Schultz, who has served two separate stints as Starbucks’ CEO, was named executive chairman in 2017. He grew the chain from a small Seattle-based chain of 11 stores in 1981 to an international behemoth with 28,000 stores in 77 countries today. Depending on whom you ask, he either brought high-quality Italian style coffee culture to the masses, or presided over the ruin of countless local coffee shops with a bland, homogenized product.

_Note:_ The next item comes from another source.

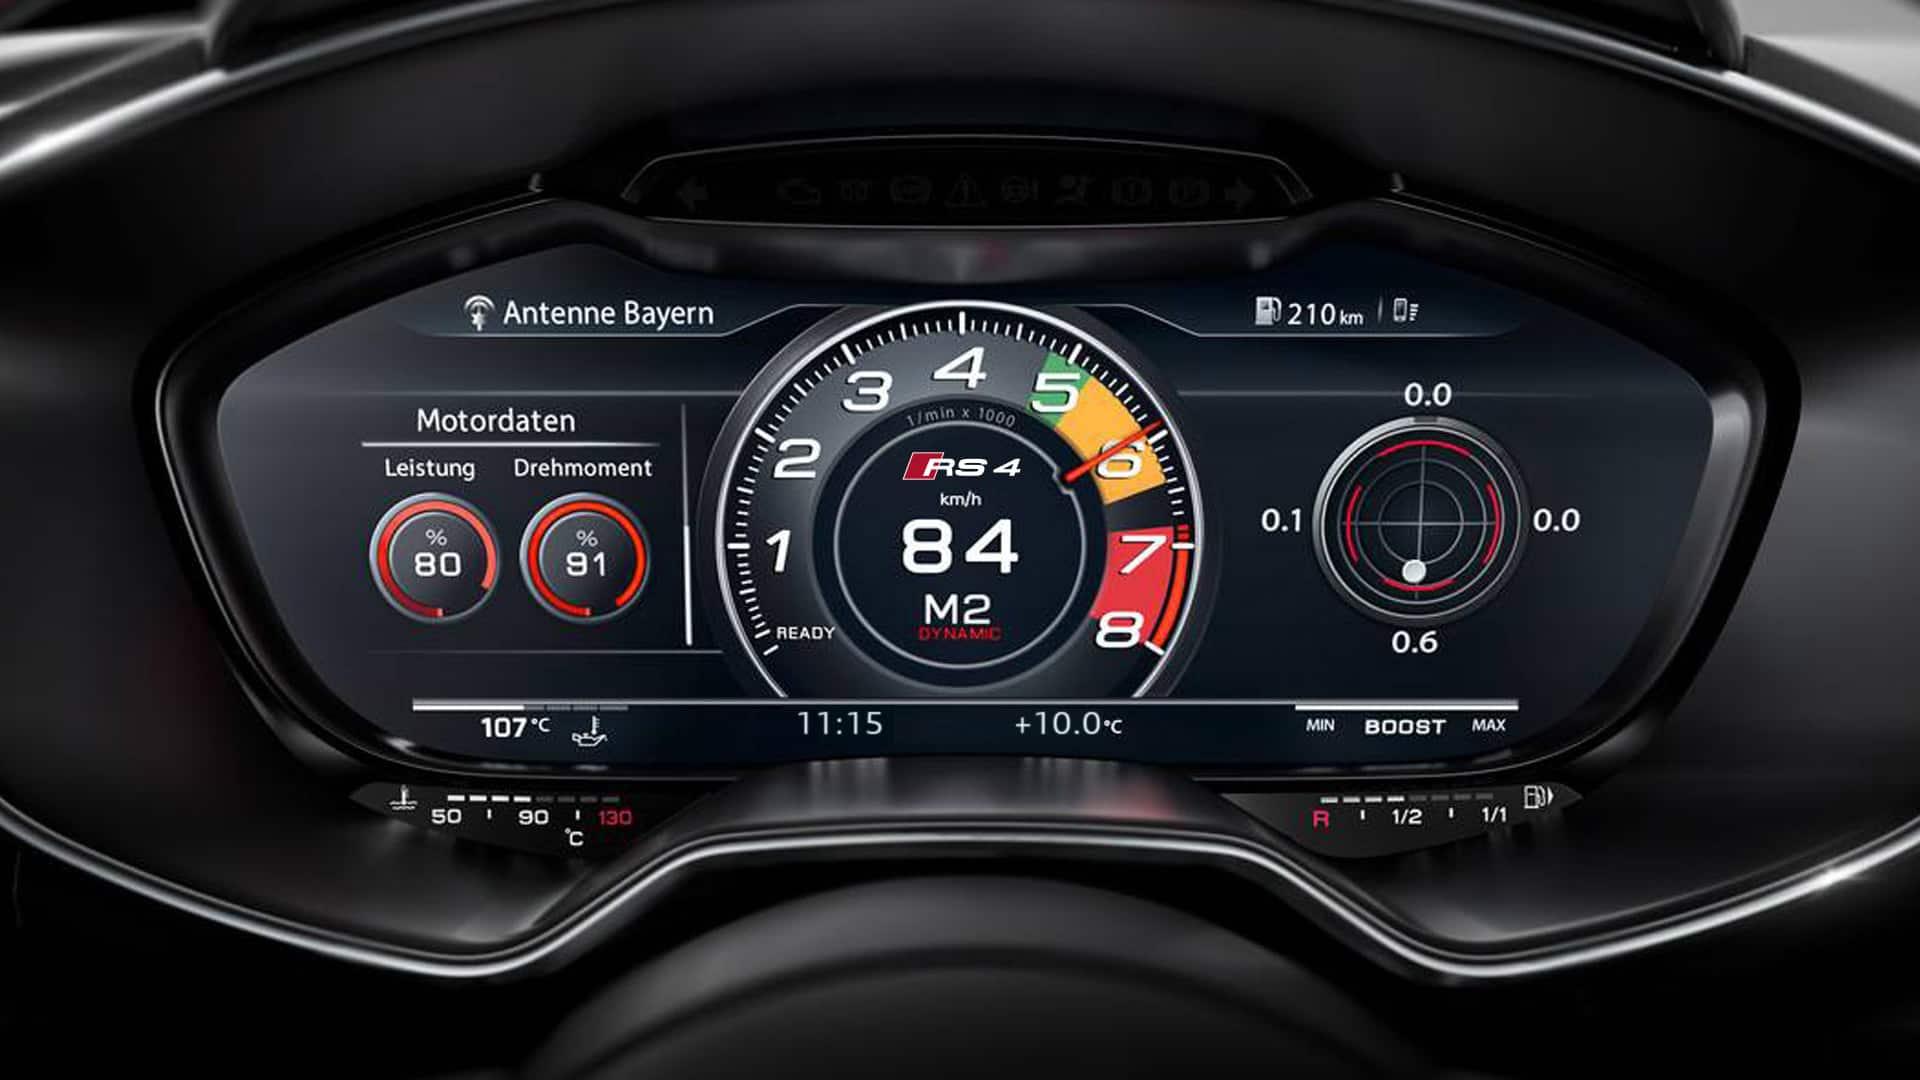 Среди особенностей места водителя Audi RS 4 Avant — виртуальная приборная панель Audi virtual cockpit и контрольная лампа, предупреждающая о необходимости переключения на более высокую передачу.

Significantly, he built the company by recognizing the importance of Starbucks’ baristas to the product and customer experience, and was an early adopter of what MIT lecturer Zeynep Ton calls the Good Jobs Strategy. That meant offering higher wages and better benefits than competitors, which according to Ton’s theory results in longer-tenured employees, better customer service, and increased sales. The company also invested in ethically sourced coffee beans, and as importantly, telling the world about it. Corporate responsibility became as much as part of the Starbucks brand as green aprons.
Under Schultz, Starbucks wasn’t shy about wading into hot-button issues, most notably his well-intended but clumsily executed 2015 initiative to promote racial dialogue by having baristas write “Race Together” on coffee cups. More recently, Starbucks was at the center of another racial controversy when two black men were arrested for trespassing in a Philadelphia store. Schultz and CEO Kevin Johnson acted aggressively to contain the damage, flying to Philadelphia to apologize, and closing 8,000 company-owned stores for the afternoon of May 29 for diversity training.
Whether or not the bias training sticks—and there’s reason to believe it won’t—it was a good faith effort that summed up Schultz’s unique brand of progressive-politics-as-marketing device. The company, assailed for its Philadelphia employee’s action, emerged from the episode viewed once again as a corporate leader. That’s not a bad valedictory note for Schultz.